那些招徠客人的門童身上穿著的制服有的是租來的,但頭上戴著的帽子卻是自己的。一般情況下,他們站在有演出的爵士樂俱樂部門前,除了開門和招呼計程車司機之外,還會小聲地從過往行人中招攬顧客,柔聲但清晰地喊著:「快來看啊,不收門票。美女如雲,新來的阿拉斯加女皇!」

儘管紐約城裡沒有一個門童不抱怨他們的收入太低、地位低下,可許多酒店門童承認,生意好的時候,他們光小費一項收入就能達到200美元。尤其是下雨時,許多人都想叫到計程車,那些為客人送上雨傘或叫計程車的門童,幾乎都能拿到小費。

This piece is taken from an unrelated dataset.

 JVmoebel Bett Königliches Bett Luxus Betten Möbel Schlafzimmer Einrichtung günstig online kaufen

下雨時,曼哈頓的車流很慢,人們往往因交通擁堵而失約。酒店的前廳裡,人們或是懶洋洋地斜靠在沙發上看報,或是因無處可坐、無人說話又無事可做而漫無目的地四處走動。這時很難叫到計程車。百貨商店的生意比平時下降一成半到二成半。因為沒有了觀眾,布朗克斯動物園籠子裡的猴子也顯得無精打采,看上去似乎比那些困在酒店休息廳裡的人更加無所事事,百無聊賴。

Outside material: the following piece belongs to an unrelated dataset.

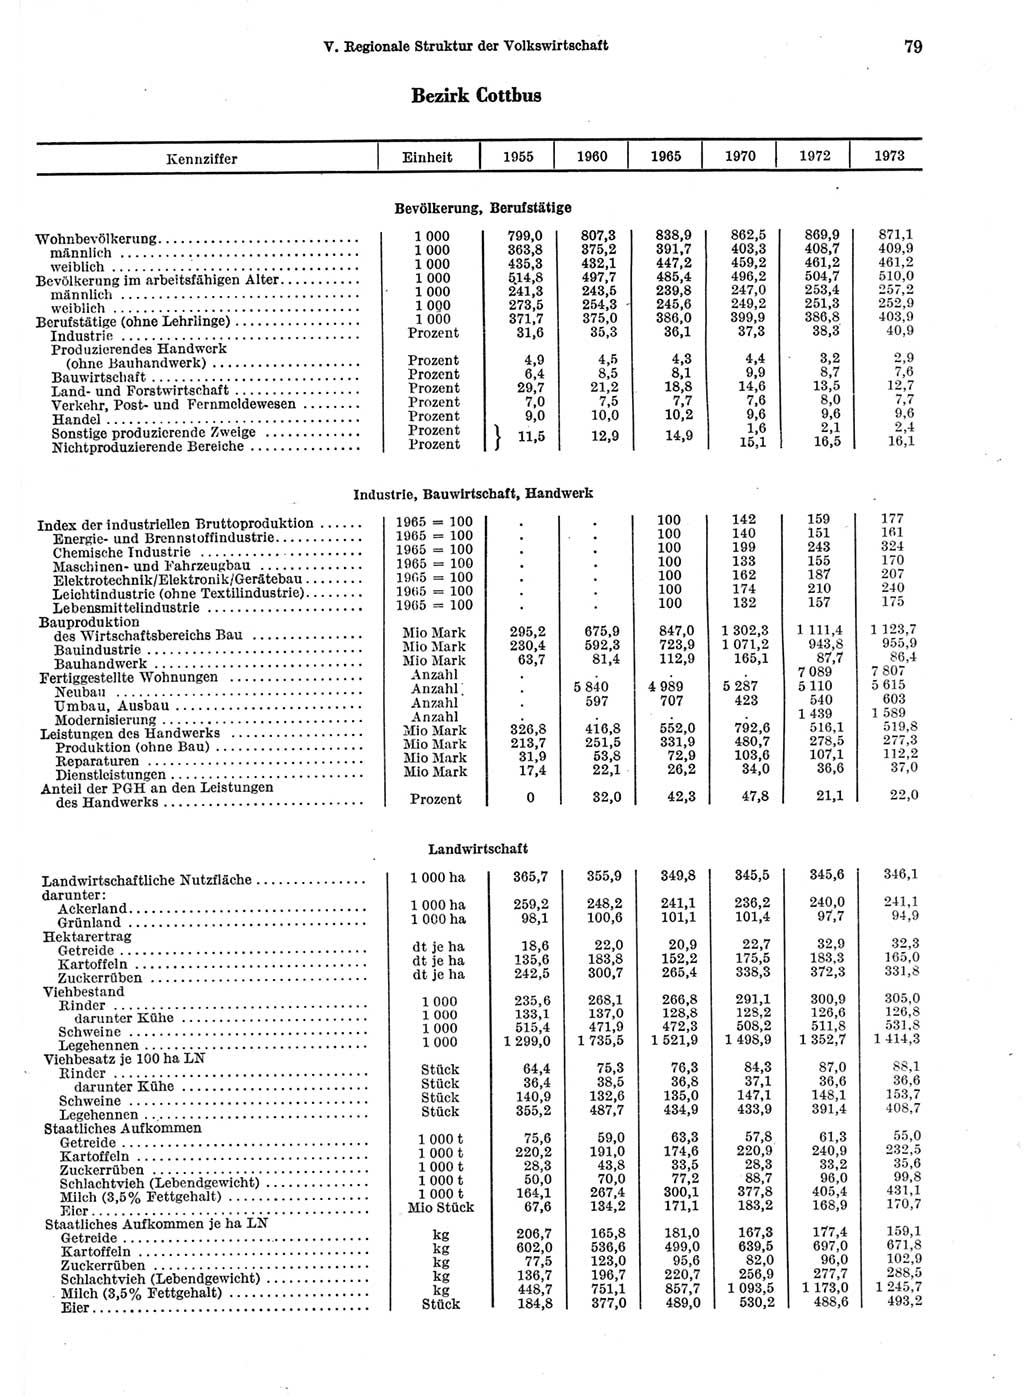 Statistisches Jahrbuch der Deutschen Demokratischen Republik (DDR) 1974, Seite 79 (Stat. Jb. DDR 1974, S. 79)

一些紐約人因下雨而變得神情陰鬱,而另一些人卻喜歡下雨,喜歡在雨中漫步。他們說紐約的建築在雨中看上去更清爽乾淨——彷彿籠罩在乳白色的光中,就像莫奈的油畫。下雨時紐約的自殺事件比平時少。雨過天晴後,紐約人看上去又很開心了。而那些抑鬱的人會變得更加抑鬱,又會有更多的自殺未遂者被送到百樂威醫院。

但是,對於雨具商、衣帽間女服務生、酒店侍者和英國總領事館的僱員來說,下雨天卻是個令人興奮的日子。英國總領事館的人說,綿綿細雨能喚起家鄉的感覺。聯合愛迪生公司表示,紐約人在雨天要比在晴天時多花12萬美元的電費。成千上萬條褲子在雨天失去了褲線,遇到這樣的天氣時,第四十五號街上的諾頓洗衣公司每天平均要多熨125條褲子。